Craig reflected thoughtfully for a second. "You don't have to just appear as a man to have honor. It is really what is on the inside that counts. There is the old saying of never judge a book by its cover. Besides, being a girl is not the worst thing that could happen to anyone."

"Its not," I asked, "How would you know?"

"I spent my teenage years as a girl," replied Craig to my surprise. "My mom had three boys before me, and by the time I was 14, she didn't want any more kids. She decided she wanted to get to raise at least one girl, so one day all my boys clothes were gone and all I did was wear dresses and go to ballet class. I hated it at first but I just accepted it and eventually I began to enjoy being feminine and going on dates and being treated like a lady. I spent all of High School as a girl, but I had to go back to a guy when I was ready to go to College because they couldn't change my birth certificate. I put forth the premise of this show based on my experience."

"How did your dad feel about all of this?"

"That is the point I am trying to make. My mom absolutely dominated my dad. He looked like a man to the outside world, but my mom had him in the kitchen wearing an apron and doing laundry. So being a man is really defined more by actions than appearences."

I was beginning to understand. Unfortunately, I had to go back and get changed into my bikini. Ana took off my dress, shoes, and tights and I was put into a pink bikini. I had to step into a pair of plastic stripper shoes. My family was already waiting for me; dad in a lime green bikini and Brandy in a purple bikini with polka dots.

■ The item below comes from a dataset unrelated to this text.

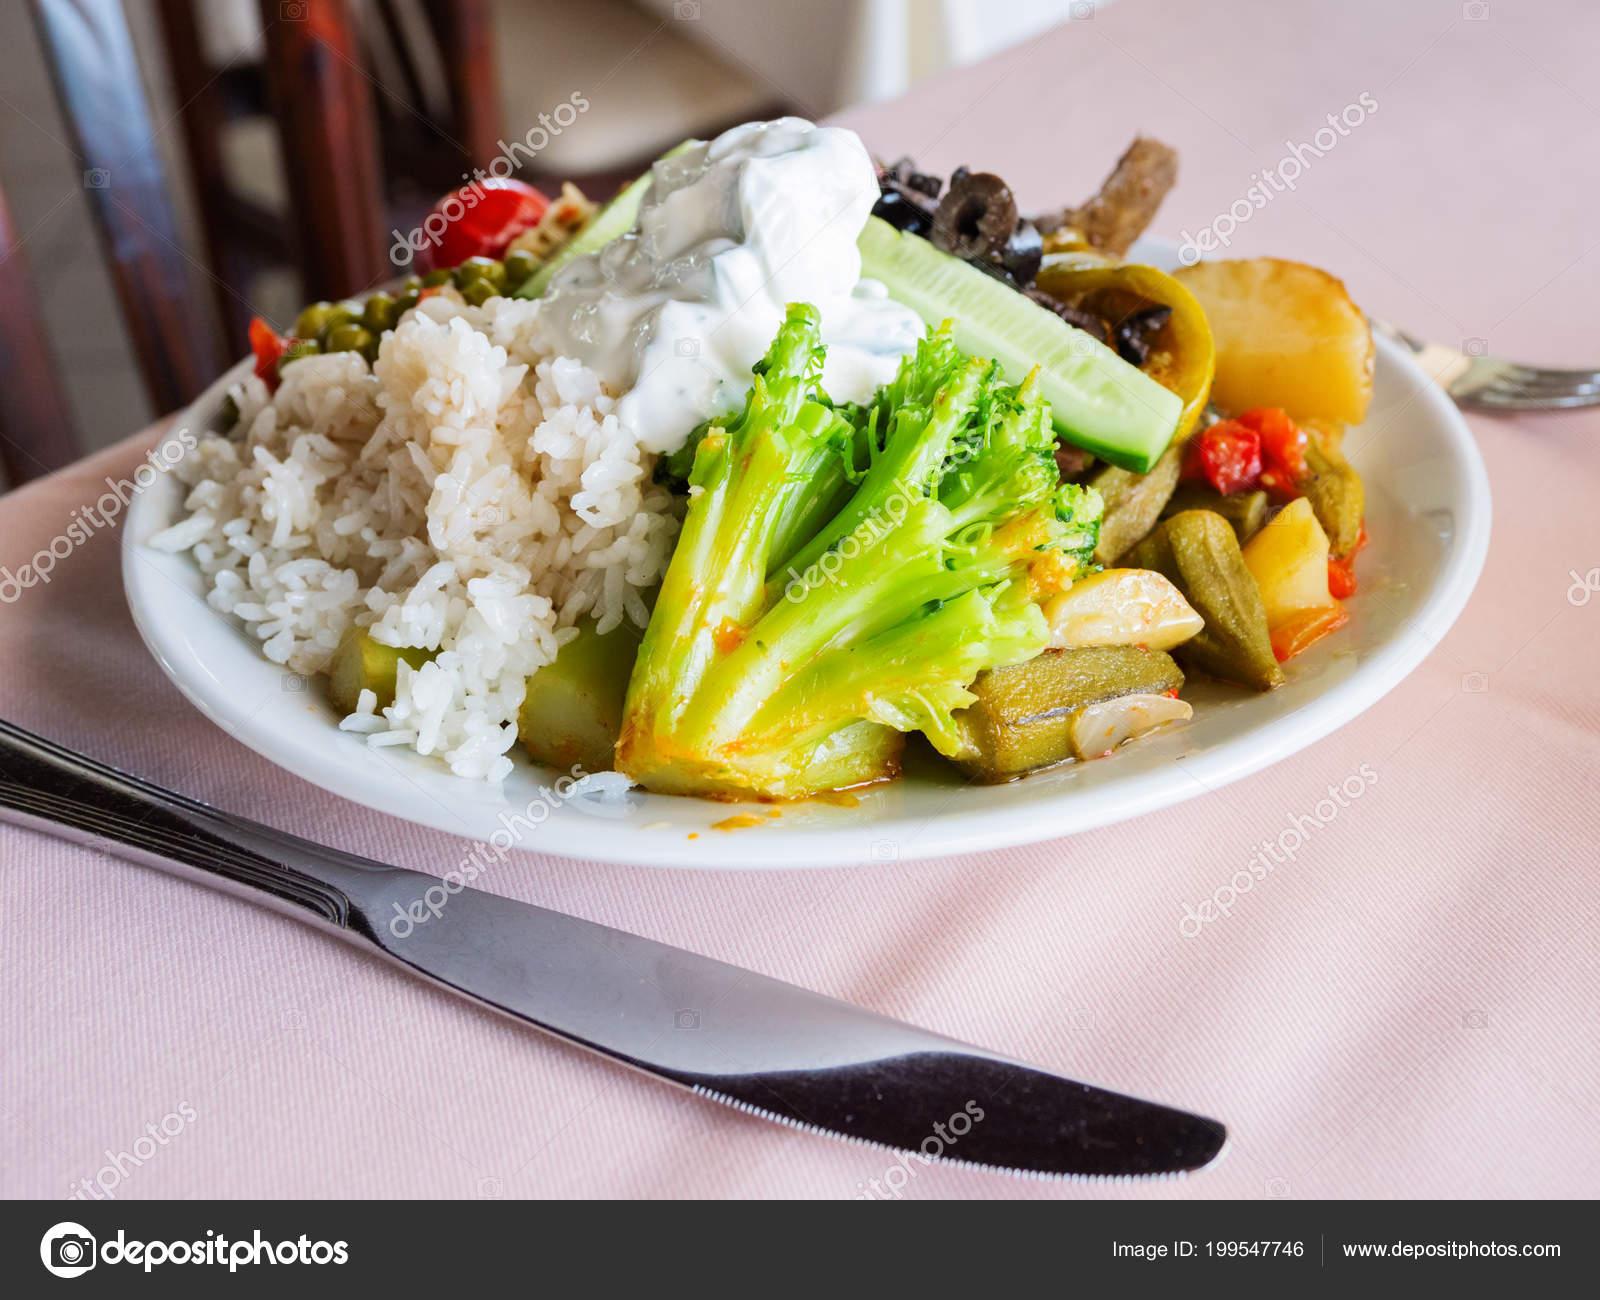 Healthy Dinner Plate Full Stewed Vegetables Rice Natural Yogurt

We snapped some more pictures and soon we were back over to get changed into our wedding outfits. Dad would be the bride, Brandy would be his bridesmaid, and I would be his flower girl. Our assistants put white tights on all of us. As Ana was changing my tights, she said to me, "I think it is really cute how you guys are doing this."

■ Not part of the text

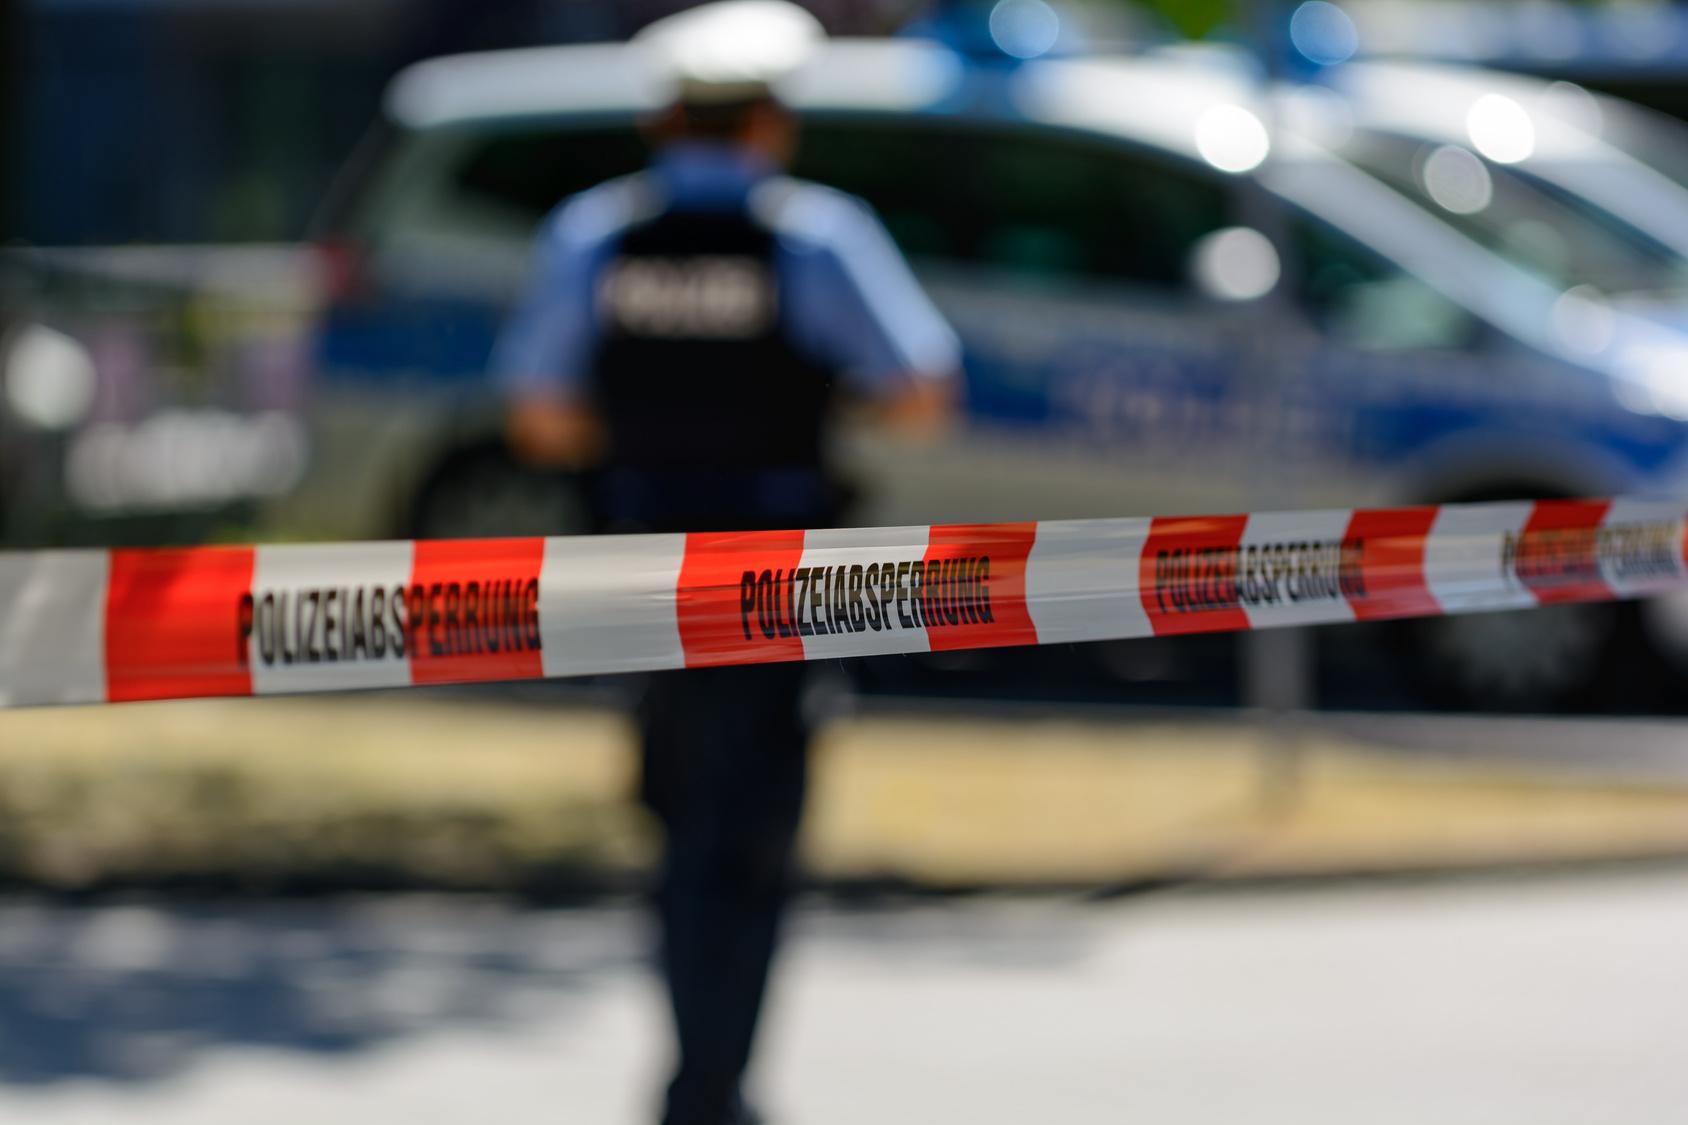 Schock für Erzieherinnen: Kind bringt Kriegsbombe mit in Kita

"Oh yeah," I retaliated, "How would you feel if your sons were being forced to be sissies."

Ana laughed and said, "I've been dressing my twin boys as girls for the last six years. I don't think you realize how common this sort of thing is. I bet a number of girls at your old school were really guys and some of the guys used to be girls."

"I seriously doubt that."

Ana pulled a cute little pink dress with lacey shoulders over me. "Crossdressing is the future," she said. "My girls are going to make some CEO lady very happy some day. They are learning what they need to know about how to be good submissive husbands."

"Well, that will never be me," I retorted.

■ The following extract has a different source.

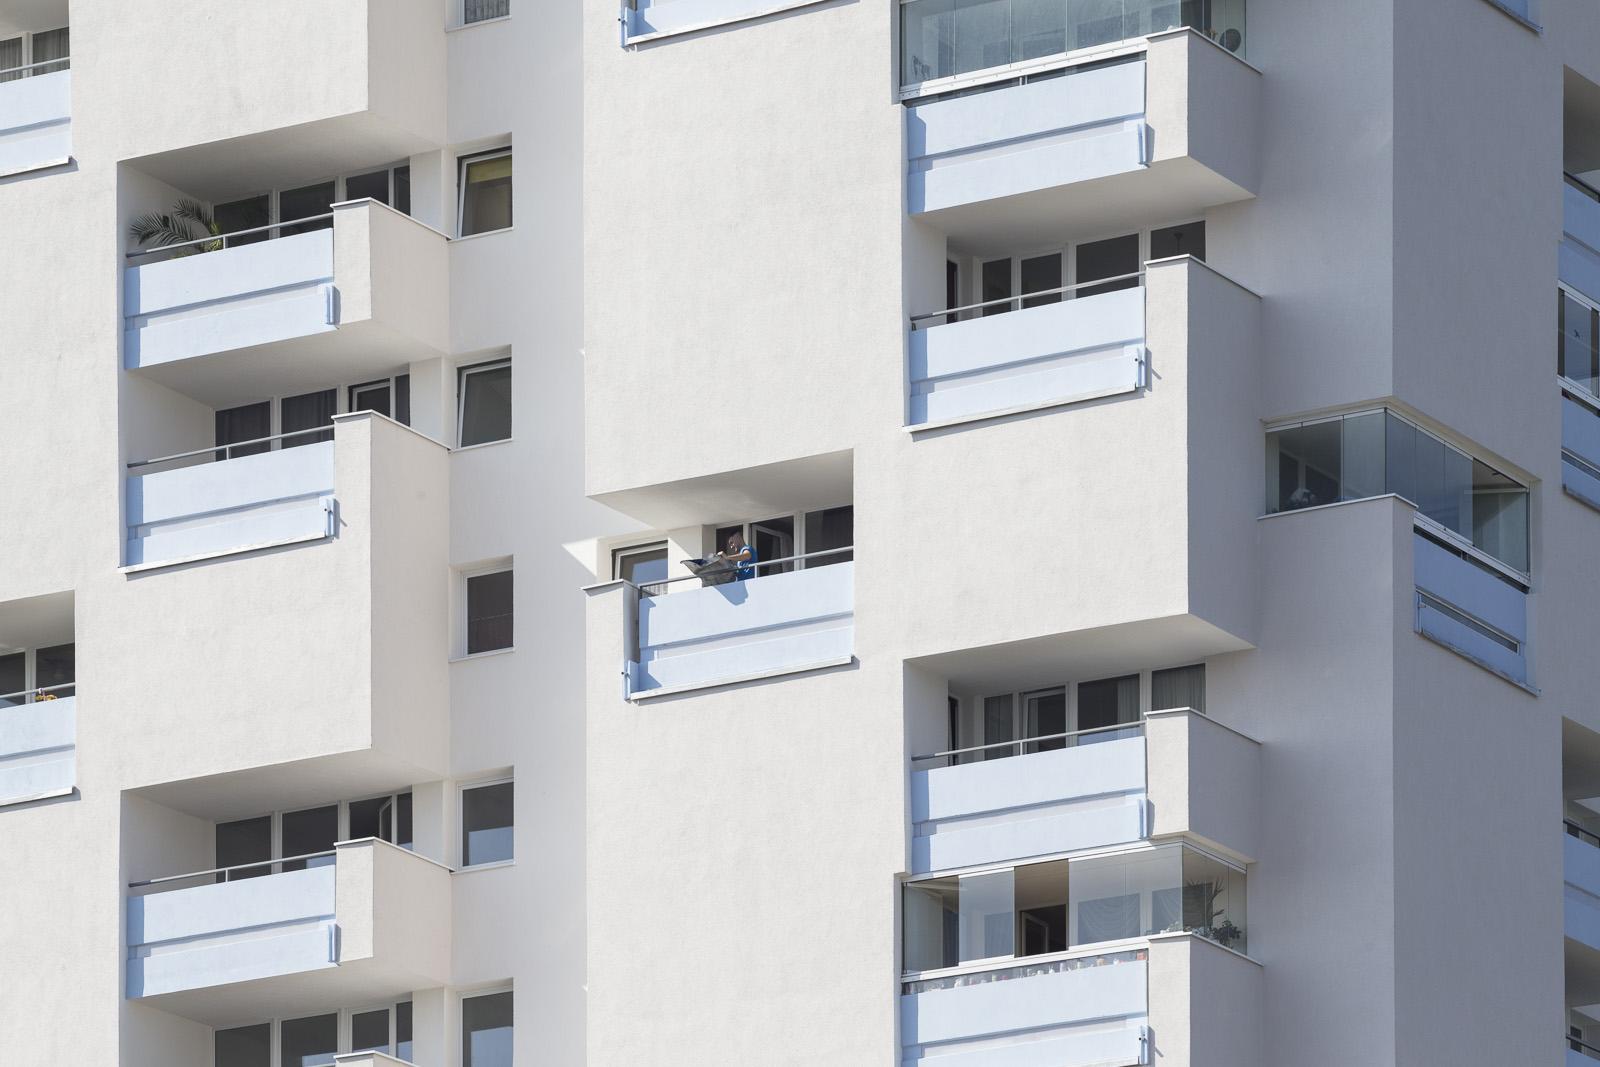 SAKRET Referenz Fassadensanierung WDVS Braunschweig von nah

"Have you looked in the mirror," Ana said. She handed me a boquet of flowers. She took all of the braids and beads out of my hair and brushed it into a conventional wavy style

Dad had put on white stockings and was now in a white-velvet wedding dress, and he was wearing a veil. Brandy was in a sleek teal blue bridesmaid dress. We went over and snapped the final set of pictures as a happy bride with her two daughters who was getting ready to be married off to the man of her dreams. With the many new perspectives I had learned today, I began to see "The Big Picture." It was not just about me. I was going to make the best of things. I realized that being a man was a privilege and not a right. I had to earn the right to call myself a white boy. Soon, I would shed my tights and get back into my boxer shorts. To do it, I had to be Kendra Washington, schoolgirl, ballerina, black girl, to the best of my ability.

If my dad and brother wanted to be women, I woudn't stop them. I just wanted them to be happy. I wanted to be happy.